Why not? That is where the money is at.


----------



## EthanB (Sep 28, 2011)

Ninjaframer said:


> Oh- then I made about $0


I really laughed out loud at that one.You can still benchmark your profit if you look back over a few years and average out a salary for yourself. Anything over that would be profit, anything under would be loss. 

It's a good habit to be in because then you can identify negative trends. I use it because, in starting a new business in a bad economy, I expected to make less than I would if I had the same job for another company but I wanted to be able to tell when I actually DID become profitable rather than just being content with whatever I could get.

Being content is great but not when it's because of intentional ignorance.


----------



## Jaws (Dec 20, 2010)

cabinetsnj said:


> Why not? That is where the money is at.


Im not interested in not being on site every day, for atleast a little while. You can still make a very good living and run just a few jobs.


----------



## Littlefield (Dec 29, 2008)

So true, on the paying self different amounts. 



Jaws said:


> In fact, Id bet money most of my subs make more actual money than I do, salary or otherwise.
> 
> Besides, many people say they make a profit and only pay themselves 600$ a week, and some say they struggle to paying themselves 2,000$ a week.


----------



## Littlefield (Dec 29, 2008)

Thats true, being great somewhere can lead to success despite being average or less than elsewhere. 
I know its not the "linchpin" of success to know your numbers, but I think everyone reaches a point where they are more interested in that, and seeing if its worth the "headache". 

However, you could be the greatest craftsman ever, and go broke if you can bid your work right. I see quite a few guys that do good work, but struggle in the big picture, and those are the guys I like to help out, the ones that are rolling in cash don't need advice, right? 



Warren said:


> I know a couple of those guys to which you speak. One was a GC who also built custom cabinets. He did really nice work, but I know his profits were dismal. I encouraged him to pursue the cabinet aspect more, because for him it was a better fit and more profitable. He left the trades two years ago and went back to school. Another guy, while still in business, is equally bad. He has built several homes, many additions, and also does some nice remodels. His scheduling is his downfall, but he is oblivious to it.
> 
> I am sure that neither of these guys tracked their costs very well. But in the end, other factors were also working against them. I know a few other guys who don't track very well, but are very profitable due to their strengths in other aspects. I probably fall somewhere in between. I track pretty well, can manage jobs well, but I just happen to specialize in a trade that is tough to be profitable in.


----------



## Littlefield (Dec 29, 2008)

Don't know what they are charging or if they are making a profit, yes. Again, this is my experience, yours will vary. 
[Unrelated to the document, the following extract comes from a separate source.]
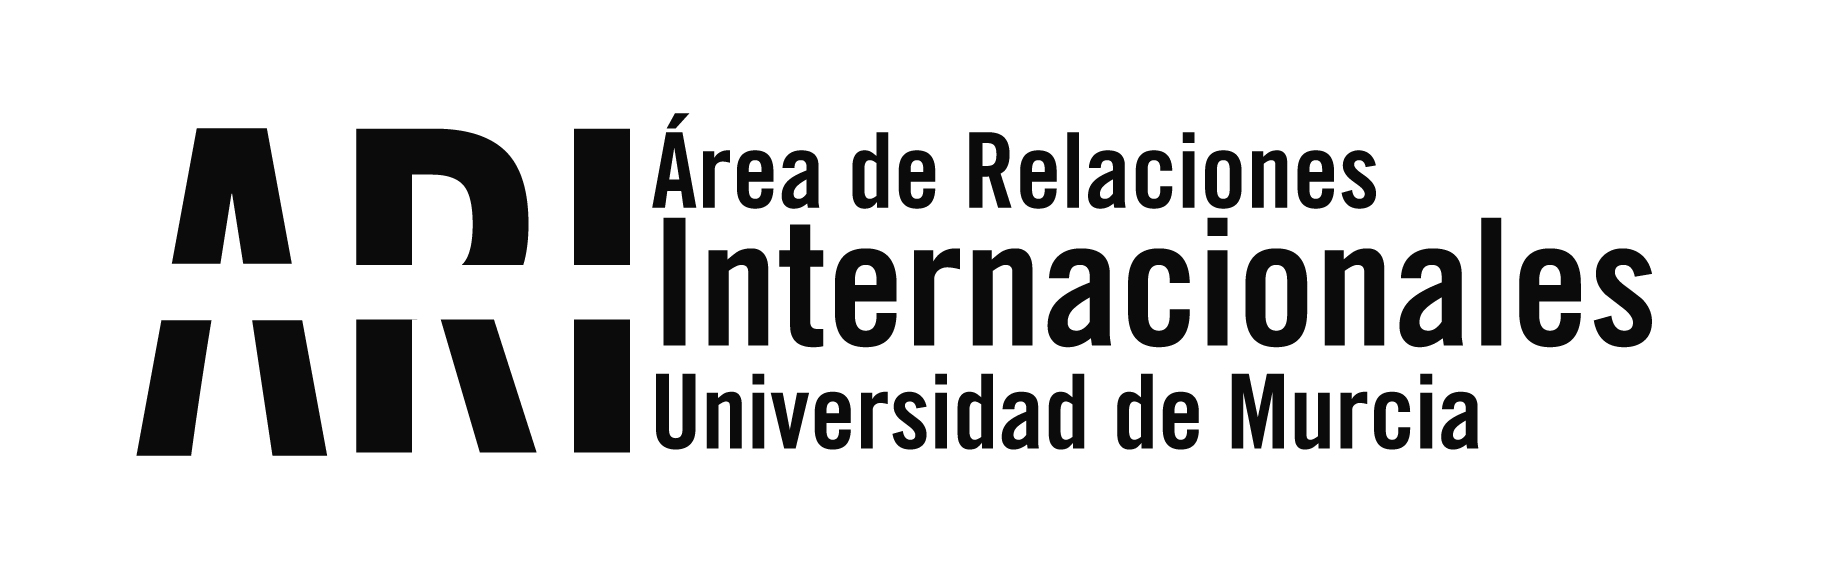 Bienvenida Universidad de Murcia Internacional 2016-17 2 Cuatrimestre - Área de Relaciones Internacionales

I know a few nail bag GC's, too, that can do that, but for every one that does, there are 10 that are going broke, and just don't know it yet. I'm not saying GC's specifically, I'm lumping contractors together, subs, builders, etc. 

Every industry I've looked at has low ballers, etc, and I don't think they set out to be, they just don't know what they are doing yet. Some do good work, some don't. Some might do better work if they bid more, a lot probably wouldn't do any better. 

I'm only interested in talking to people that are either:
willing to teach, or 
willing to learn. 

There's something to be learned from everyone, even if its how not to do something! 

In my company, looking at numbers caused a few things. 
1. We learned what things were profitable, and what weren't. 
2. Different types of jobs may have different labor and material costs, but the only way we break the 50% rule is if are using labor only overhead recovery, and we are sure the bills are getting paid regardless, before we submit the proposal. 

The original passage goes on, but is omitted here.